Jeff Rubin in the Globe and Mail’s “Expect a new peak for oil next year” predicts a major jump in oil prices next year. “Whether we are talking about supply or demand, there is nothing on the horizon to prevent the imminent return of the very same oil prices that put us into the deepest postwar recession yet in the first place…We’re barely out of the recession, and already we face prices that, just a few years ago, our government, our oil industry and our economists told us we would never see. Where do you think oil prices will be trading in the future? In a somewhat related story “U.S. finalizes car-mileage rules”with a target to increase new car mileage from the current 26.4 miles per (U.S.) gallon to 35.5. (Not clear to what extent this will help offset the rapidly growing oil consumption in the developing world.)
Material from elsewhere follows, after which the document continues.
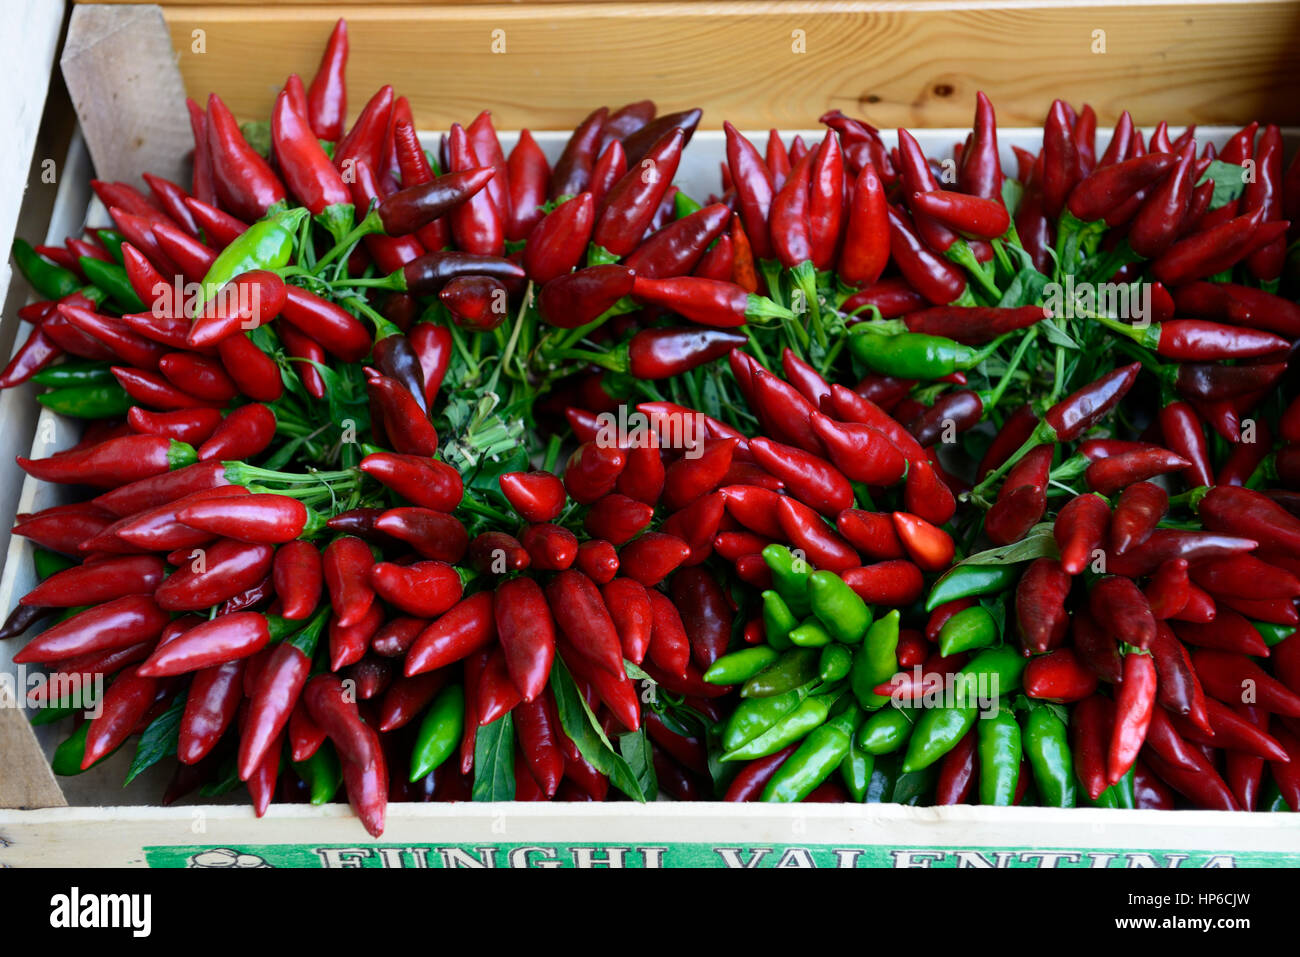 bouquet di peperoncini, Bouquet di piccoli peperoncini rossi, red chilli peppers, hot spice, whole, peppers, pisa market, tuscan produce, tuscany, foo Stock Photo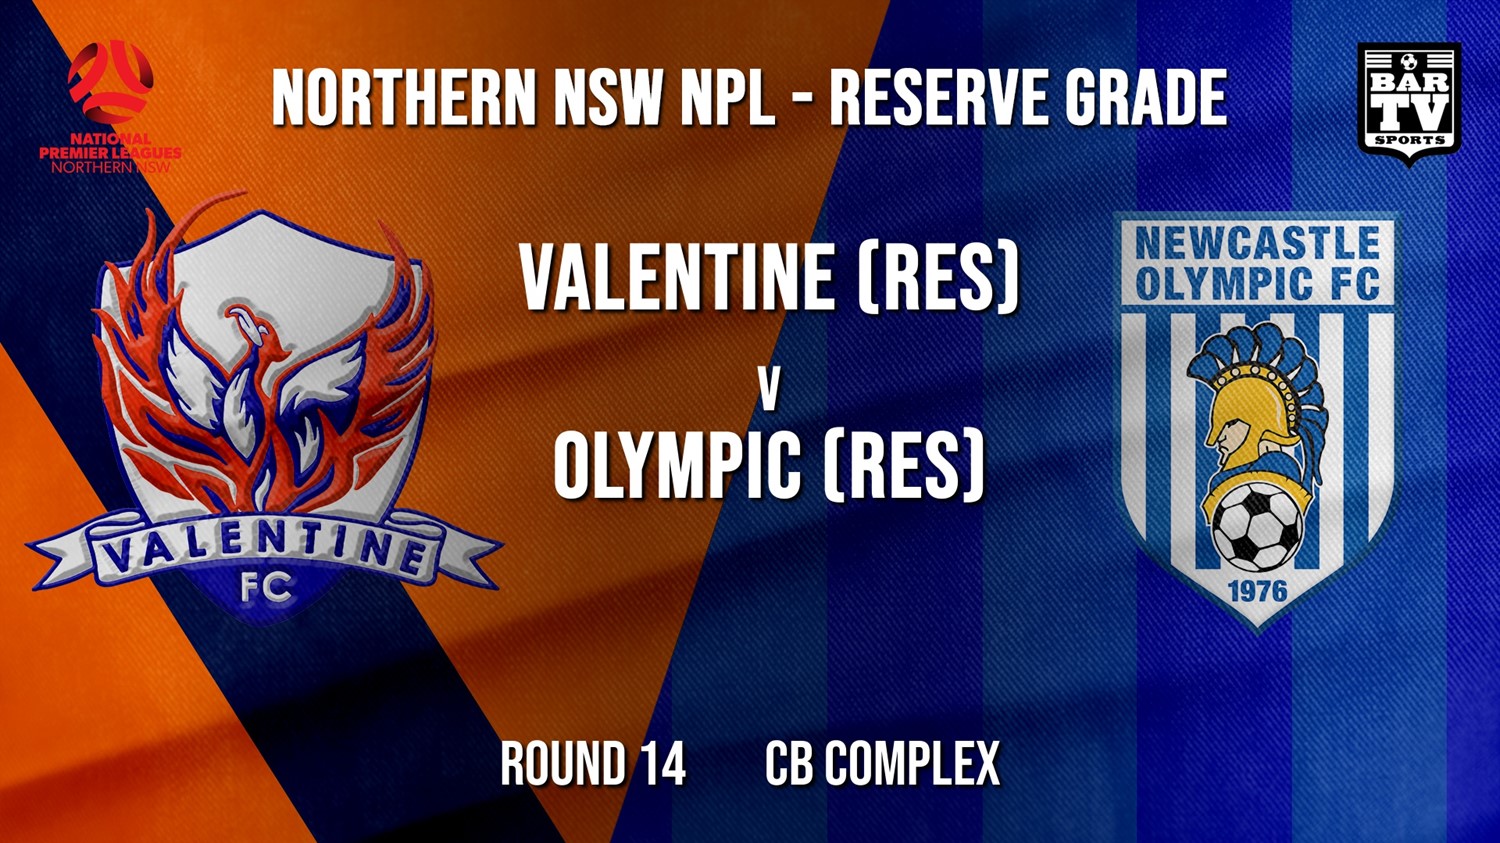 NPL NNSW RES Round 14 - Valentine Phoenix FC (Res) v Newcastle Olympic (Res) Minigame Slate Image

And finally, in the non-financial category and ‘only time will tell’, Amy Dockser Marcus in WSJ’s “How to outsmart Alzheimer’s” reports that “A recent study done by researchers at Columbia University Medical Center involved 1,880 elderly residents living in a neighborhood in New York City who didn’t have dementia at the start of the study, which ran between 1992 and 2006. The participants were evaluated on their level of adherence to a Mediterranean diet—high in olive oil, fish and legumes and low in dairy and meat products—and their level of physical activity. Their cognition was re-evaluated every 18 months. The study, published in JAMA in August, determined that higher levels of physical activity and good diet independently lowered people’s risk of Alzheimer’s disease compared with people who did neither. But when the researchers looked at the two strategies together, the benefit was even greater. People who exercised more and followed the Mediterranean diet more closely had a 35% to 44% lower risk compared with those who didn’t follow these regimens. The researchers cautioned, however, that the theories need to be studied further, and among other groups of people.”